#### [Requirement]
Each line in the material below, starting at the one that contains "BERMUDA 2002: 25 Cents, KM 110 - Bermuda" and ending at the one that contains "Beast mode - on off", should be repeated exactly; the pictures should not.

#### [Source material]
################

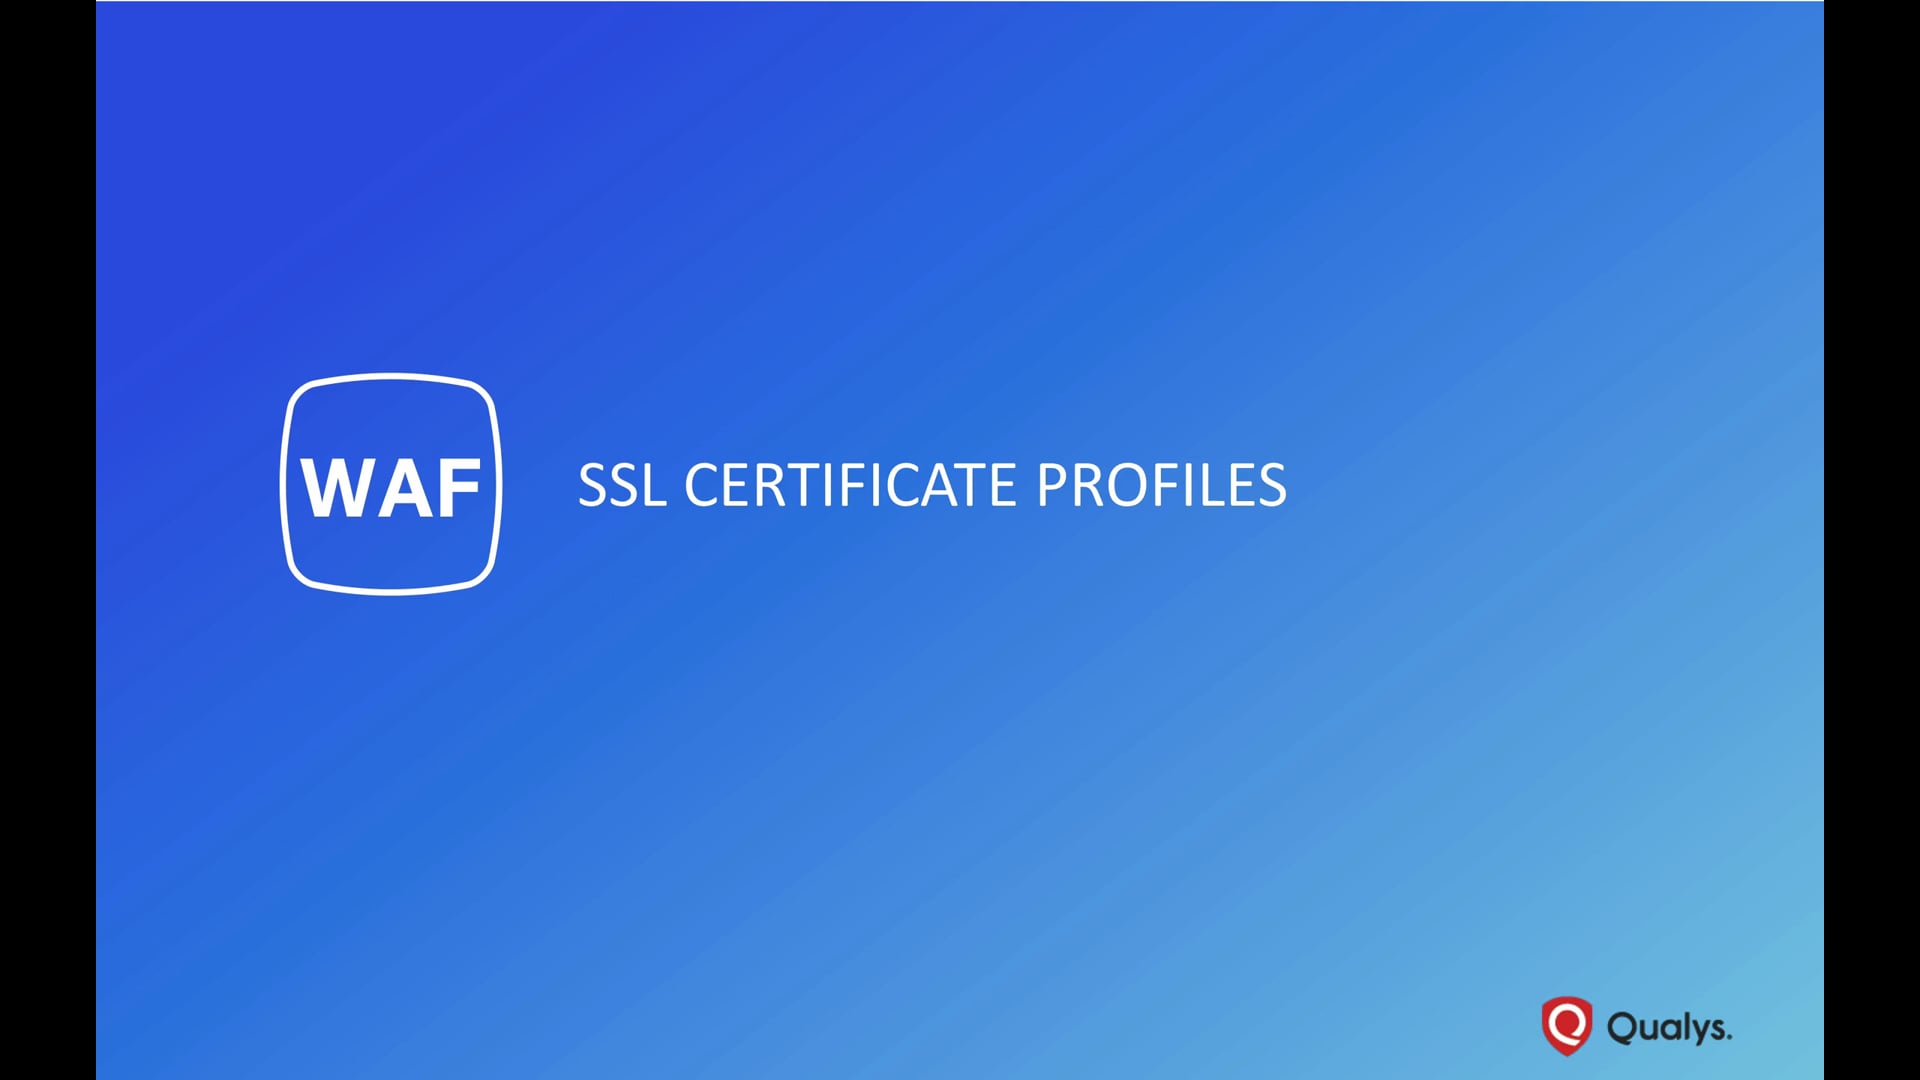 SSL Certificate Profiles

################

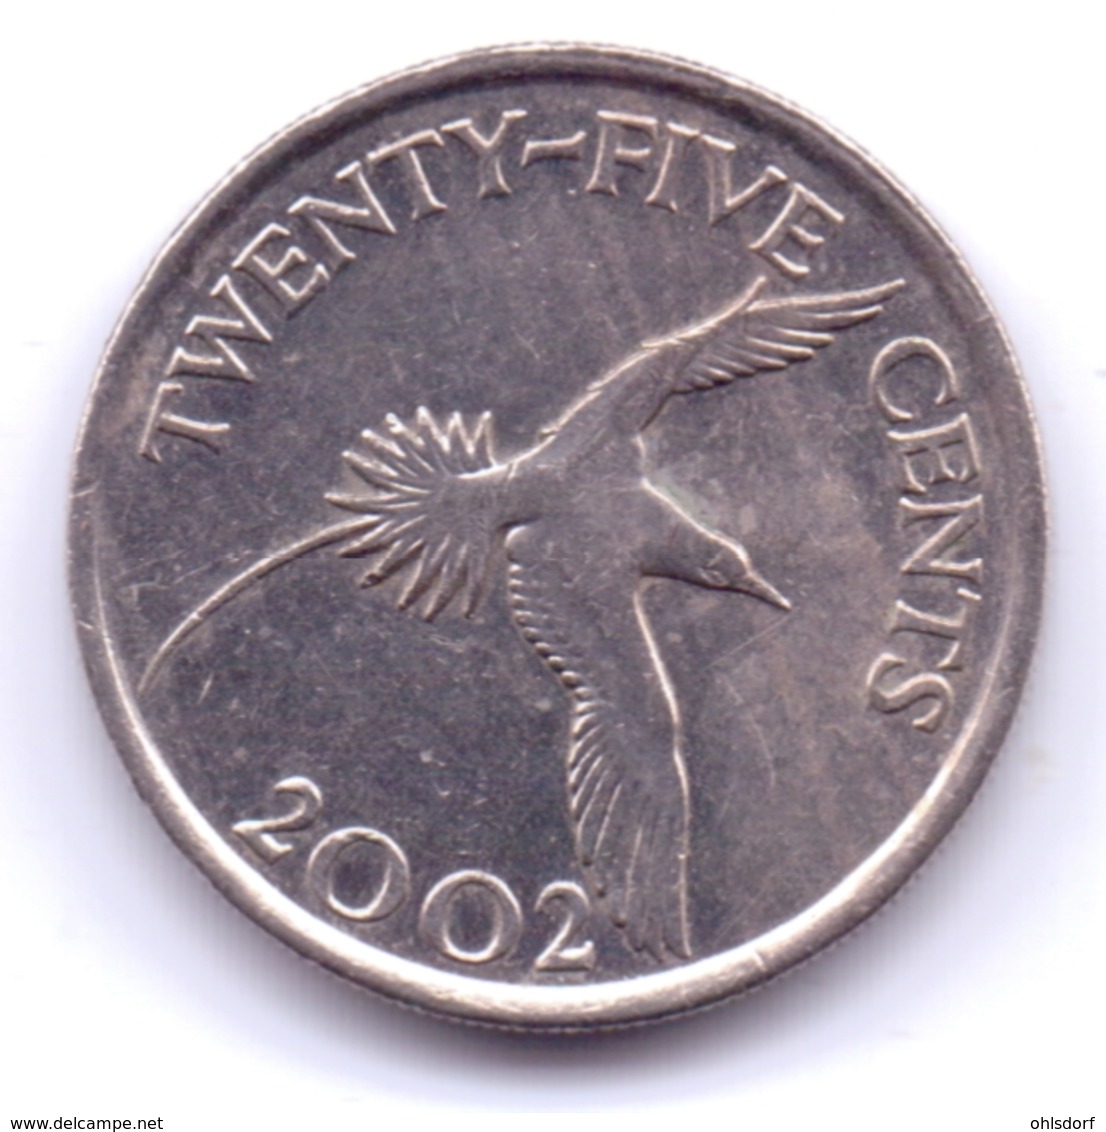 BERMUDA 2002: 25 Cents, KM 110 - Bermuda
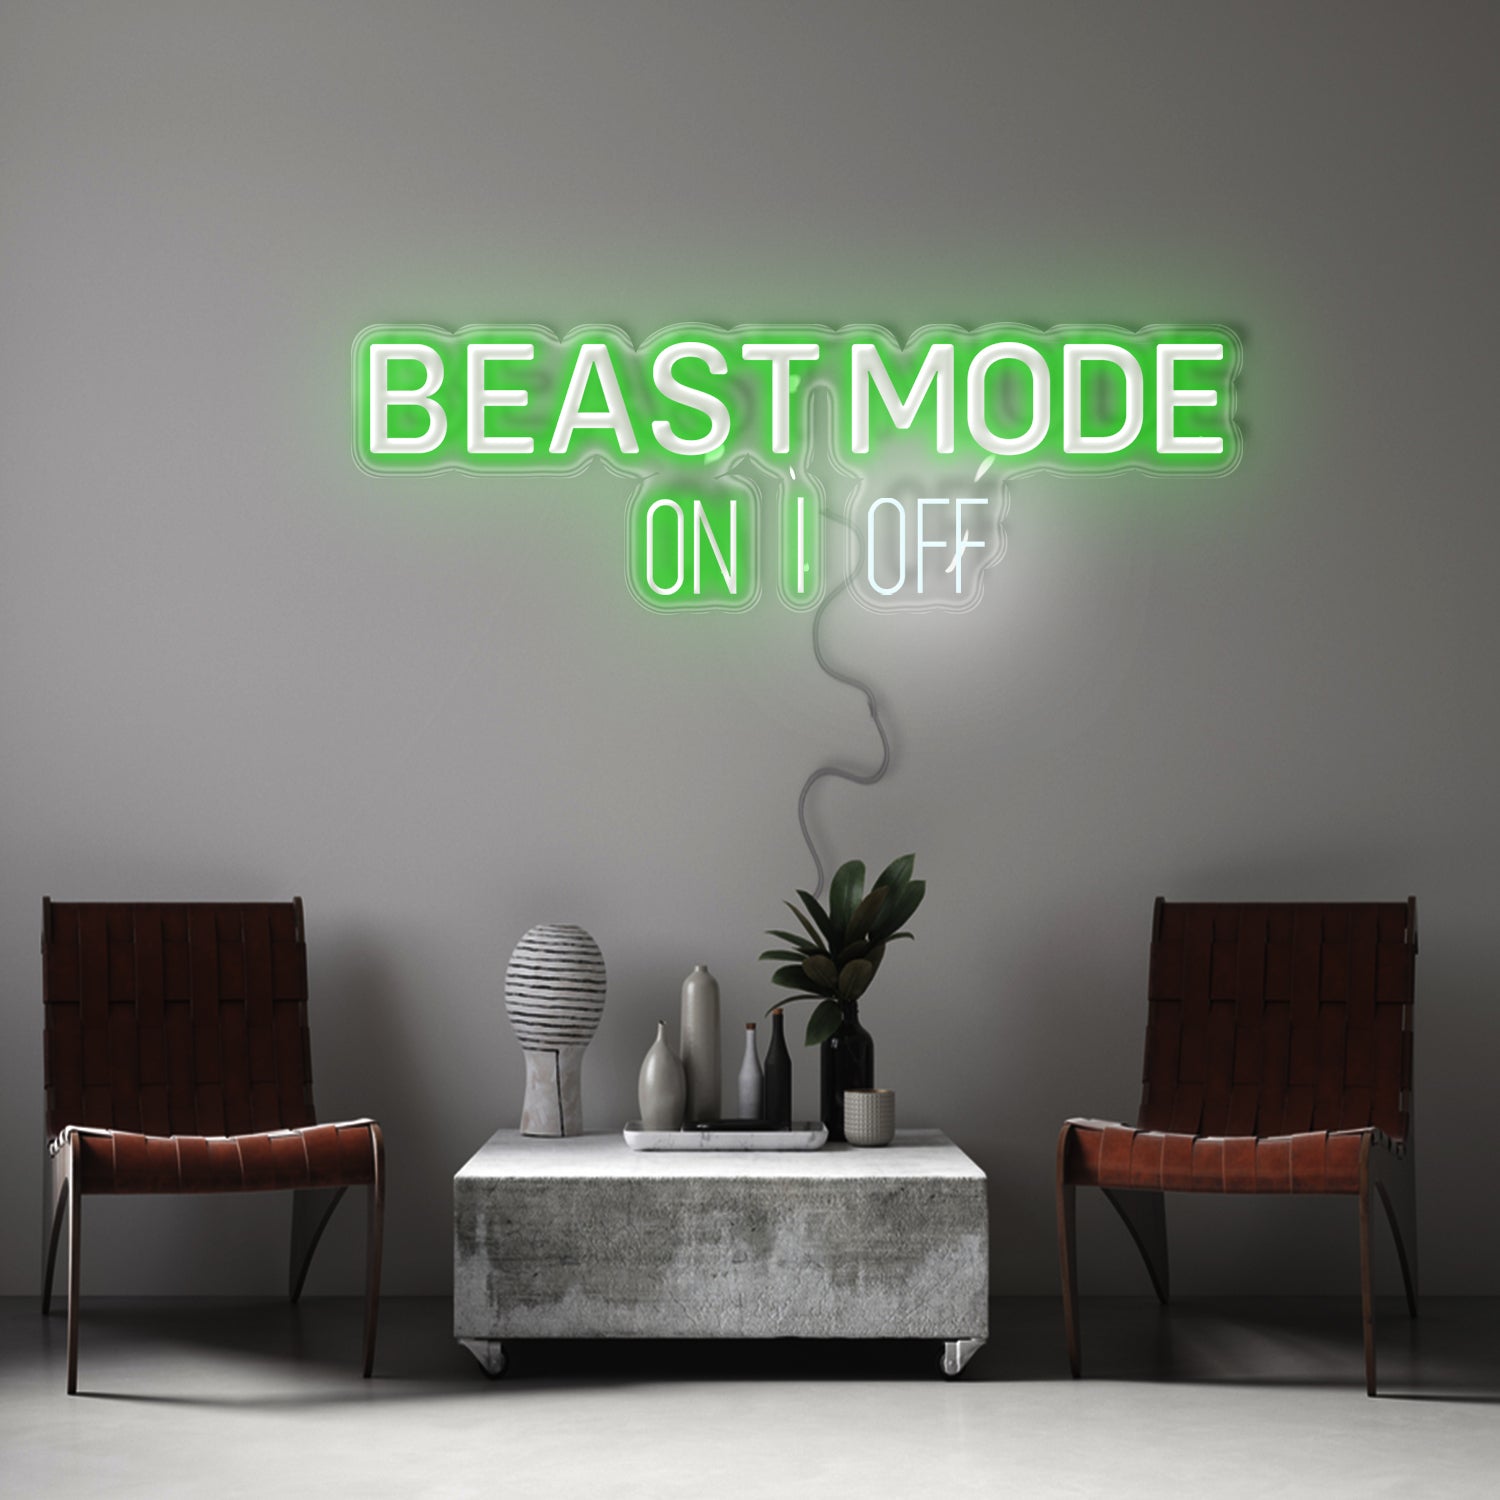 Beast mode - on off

################

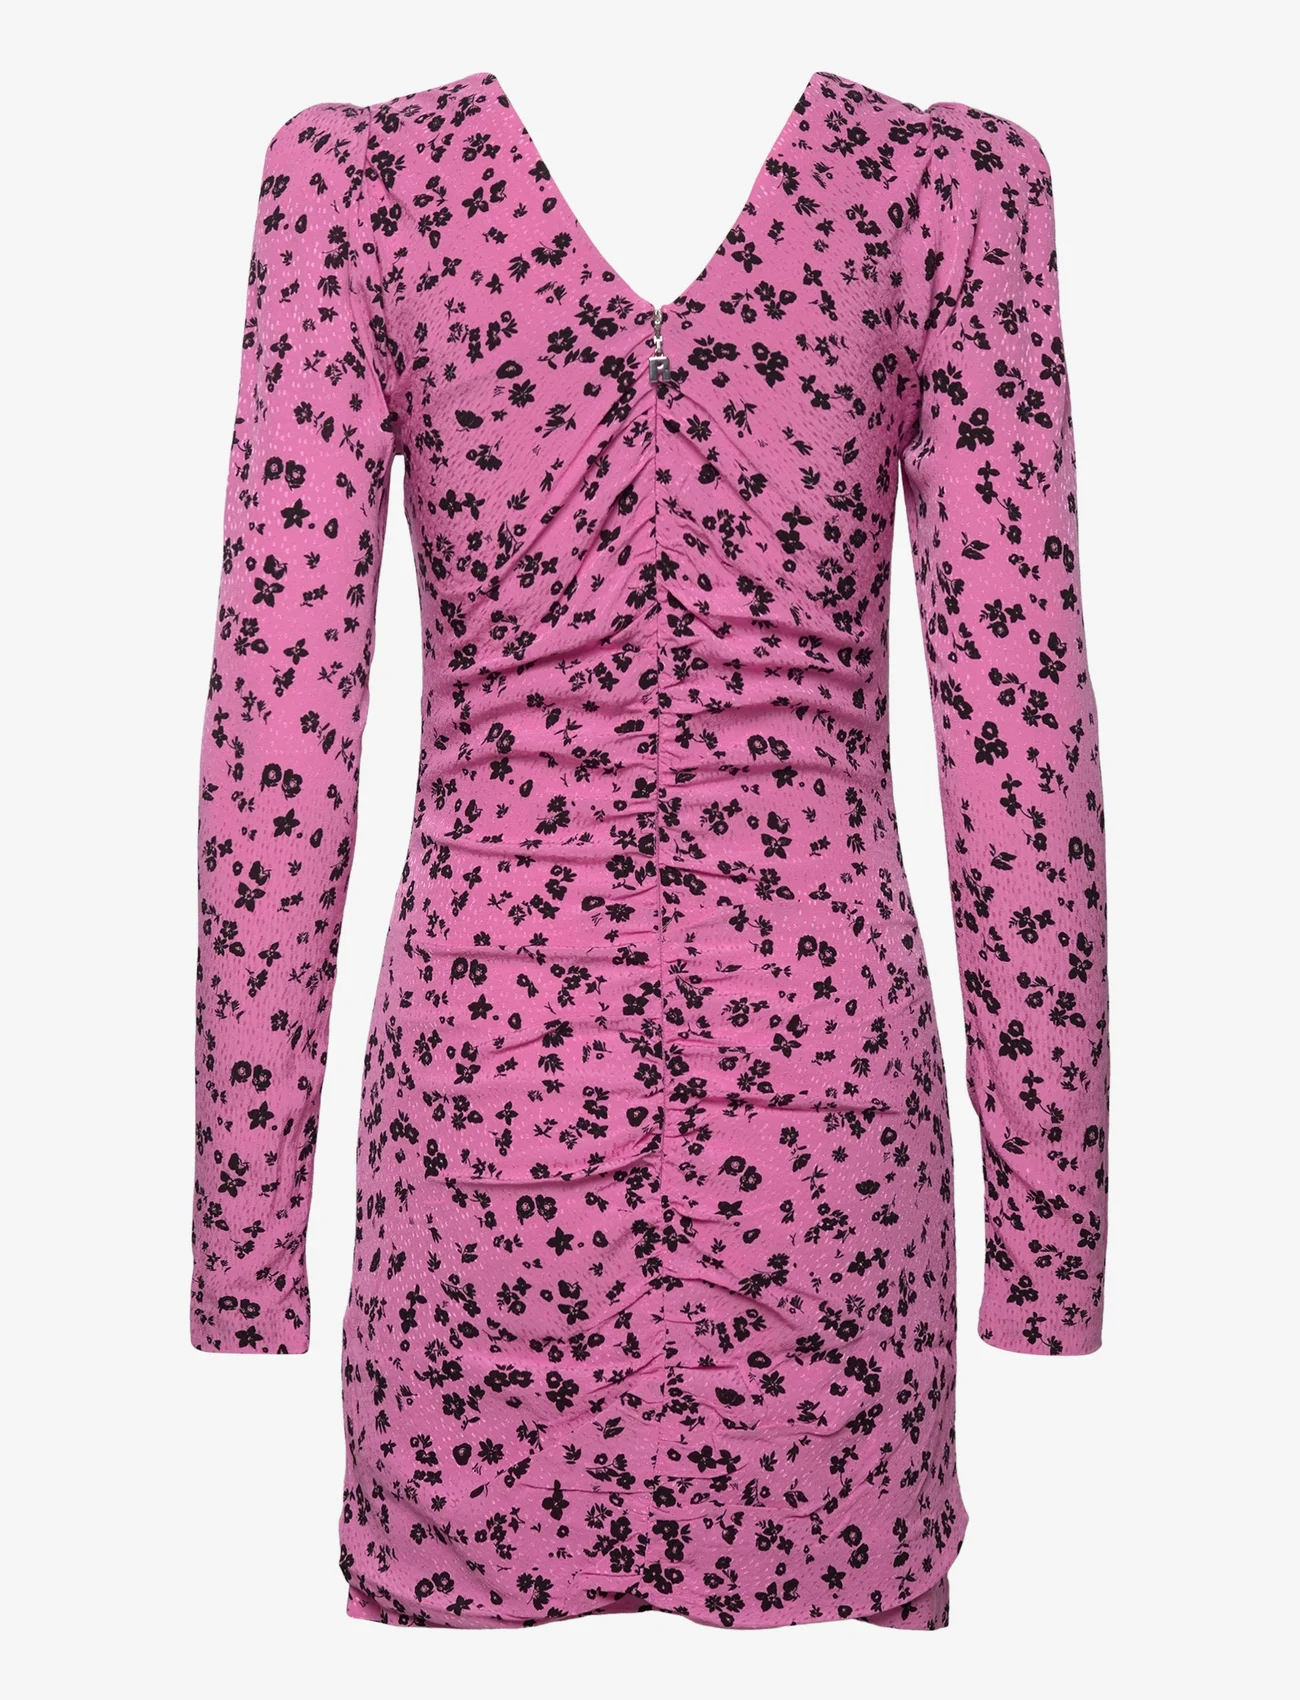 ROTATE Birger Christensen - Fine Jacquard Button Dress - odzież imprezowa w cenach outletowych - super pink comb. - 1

################

#### [Result of this task]
 BERMUDA 2002: 25 Cents, KM 110 - Bermuda
 Beast mode - on off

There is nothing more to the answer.